In the original CREST trial, 2,502 patients with symptomatic or asymptomatic carotid stenosis were randomized to receive either CEA or CAS. While there was no difference between the two groups in the estimated 4-year rates of the primary endpoint (composite of periprocedural stroke, MI, or death, or the incidence of ipsilateral stroke ≤4 years), stenting was found to carry a higher risk for stroke and surgery a higher risk for MI.

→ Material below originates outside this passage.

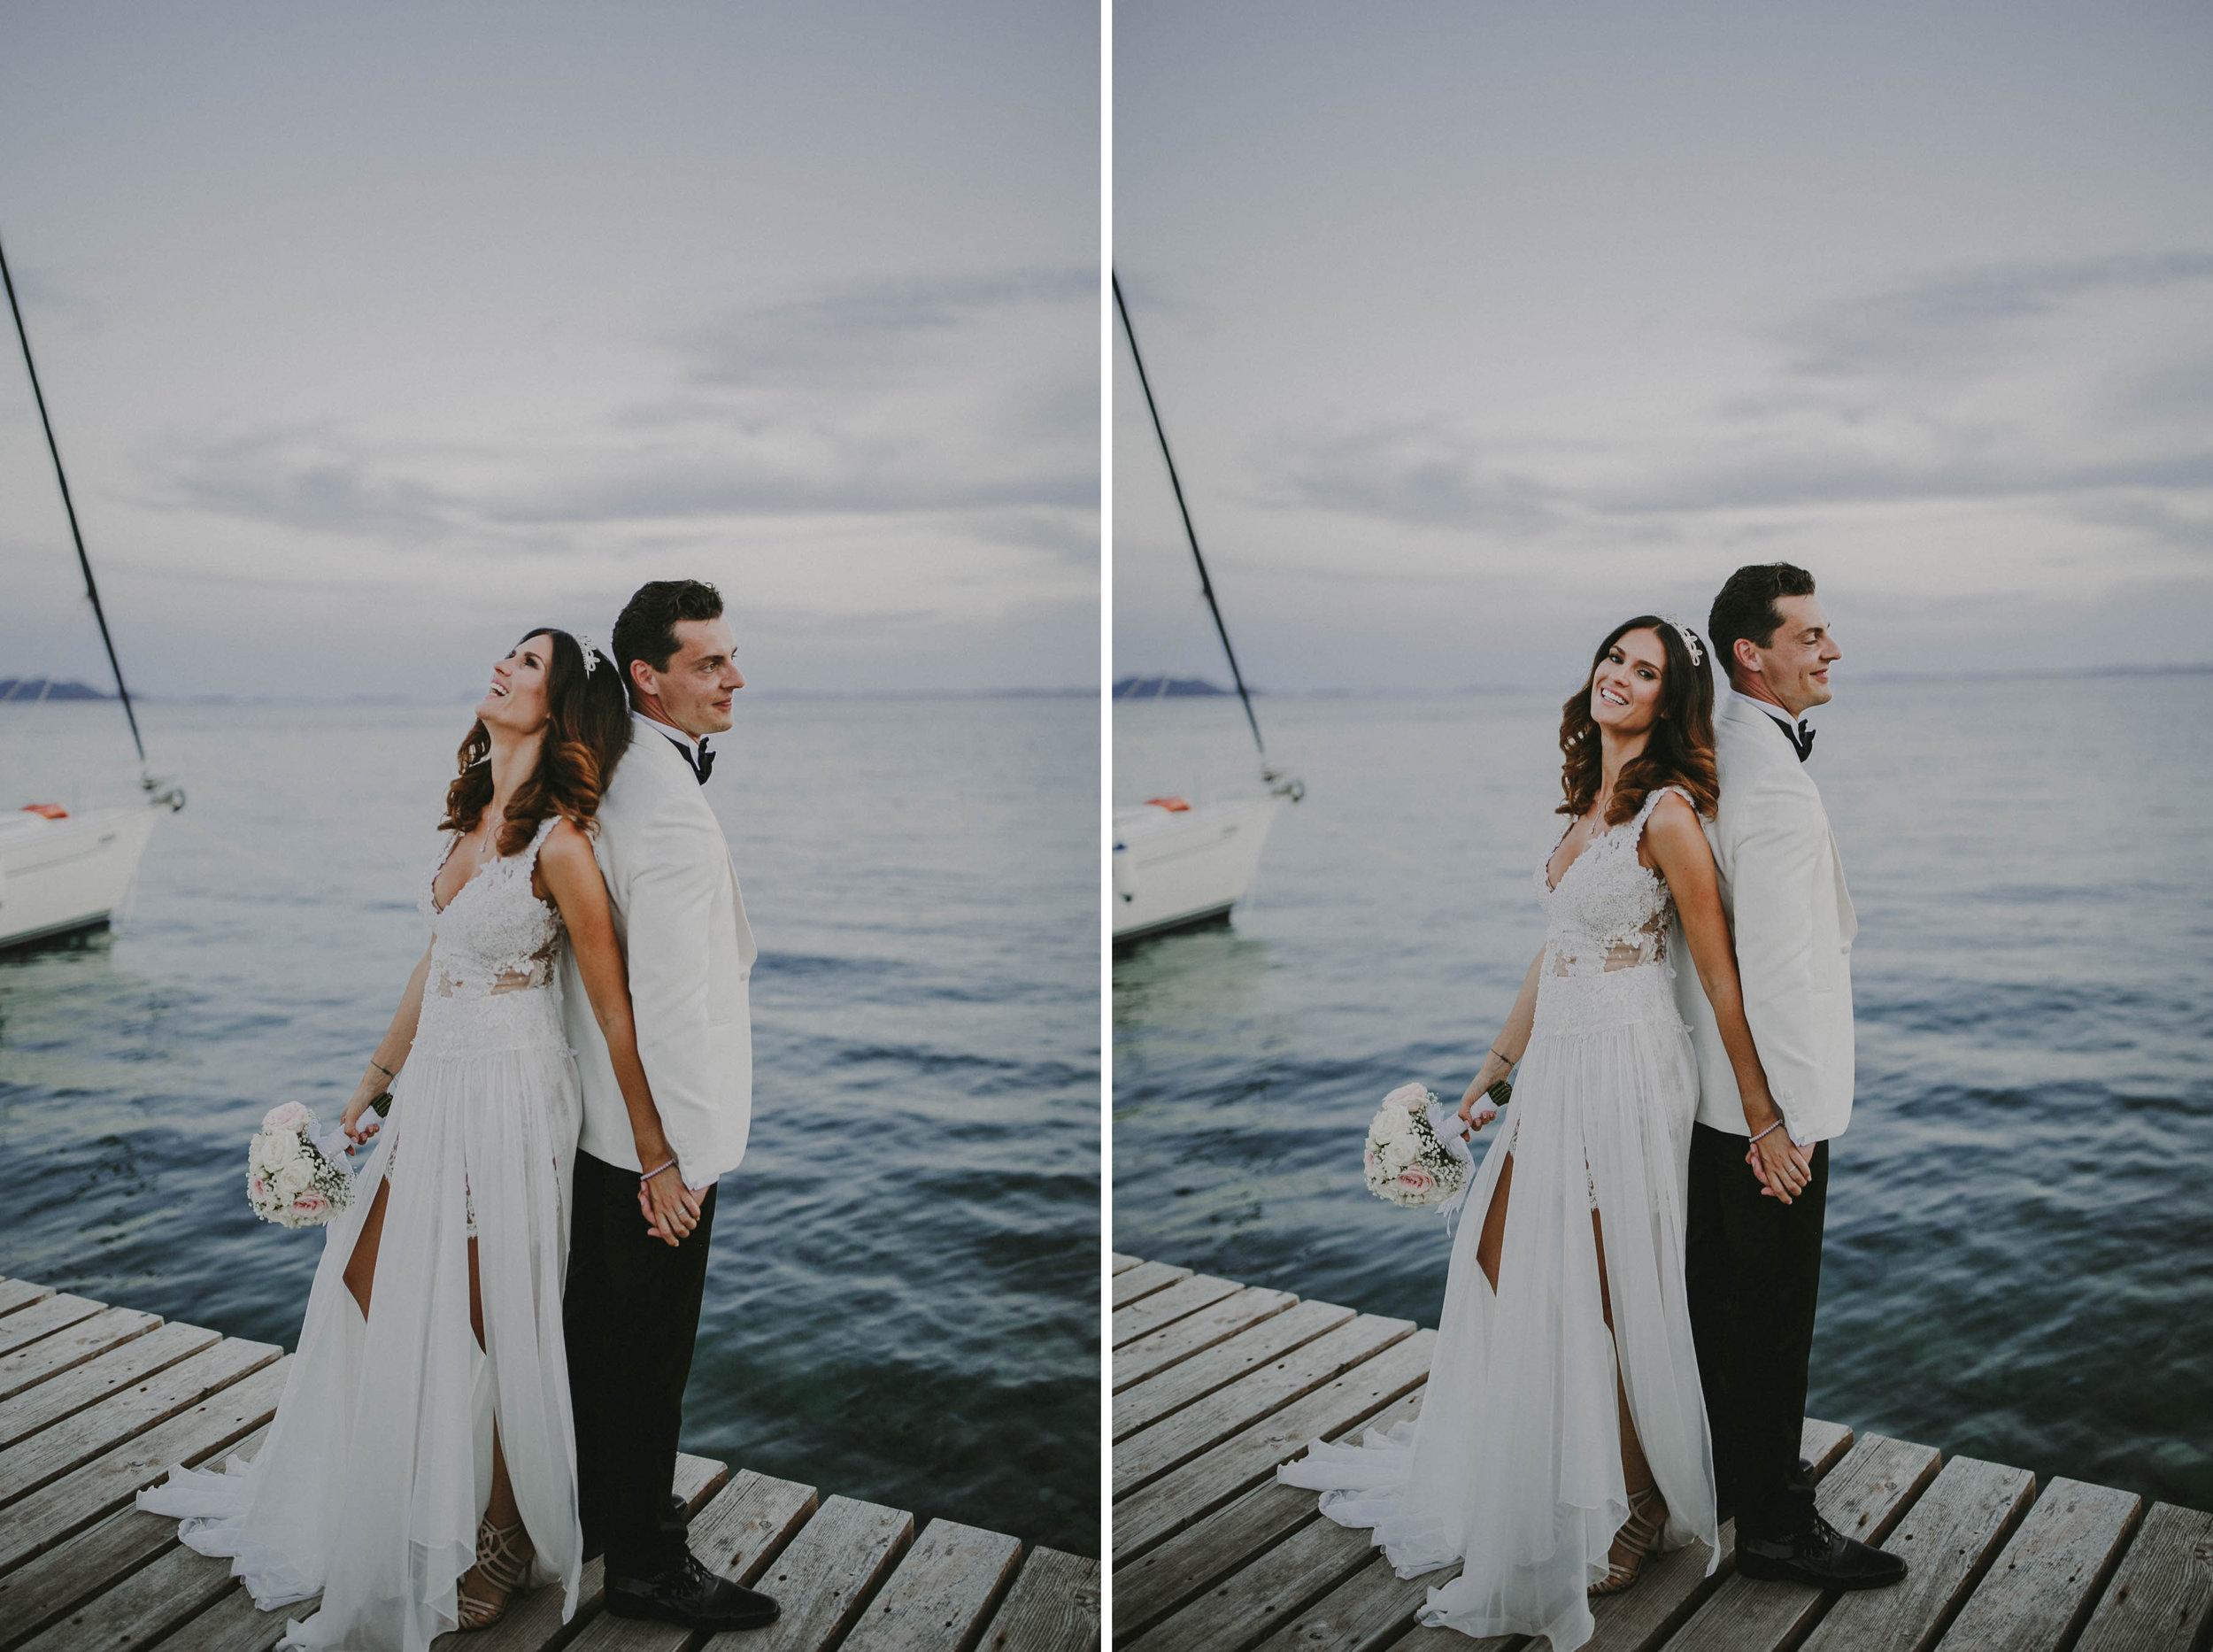 sylvia&dimitri-Wedding-Crvena_Luka-Croatia-80(8942)2.jpg

Another prevailing limitation of CAS, according to Macdonald, was seen in the International Carotid Stenting Study published in Lancet Neurology. Fifty percent of patients in the stenting group and 17% of patients in the surgery group exhibited at least one new diffusion-weighted imaging lesion detected on post-treatment MRI scans done a median of 1 day after treatment (adjusted OR=5.21; 95% CI, 2.78-9.79; P<.0001).

For more information:

Halliday A. Carotid stenting randomized trials redux: ACST2, SPACE 2 and CREST 2.

Macdonald S. New devices and techniques in carotid stenting: Clinically meaningful? Both presented at: TCT 2013; Oct. 27-Nov. 1, 2013; San Francisco.

Disclosure: Halliday reports no relevant financial disclosures. Macdonald reports conflicts of interest with several device and pharmaceutical companies.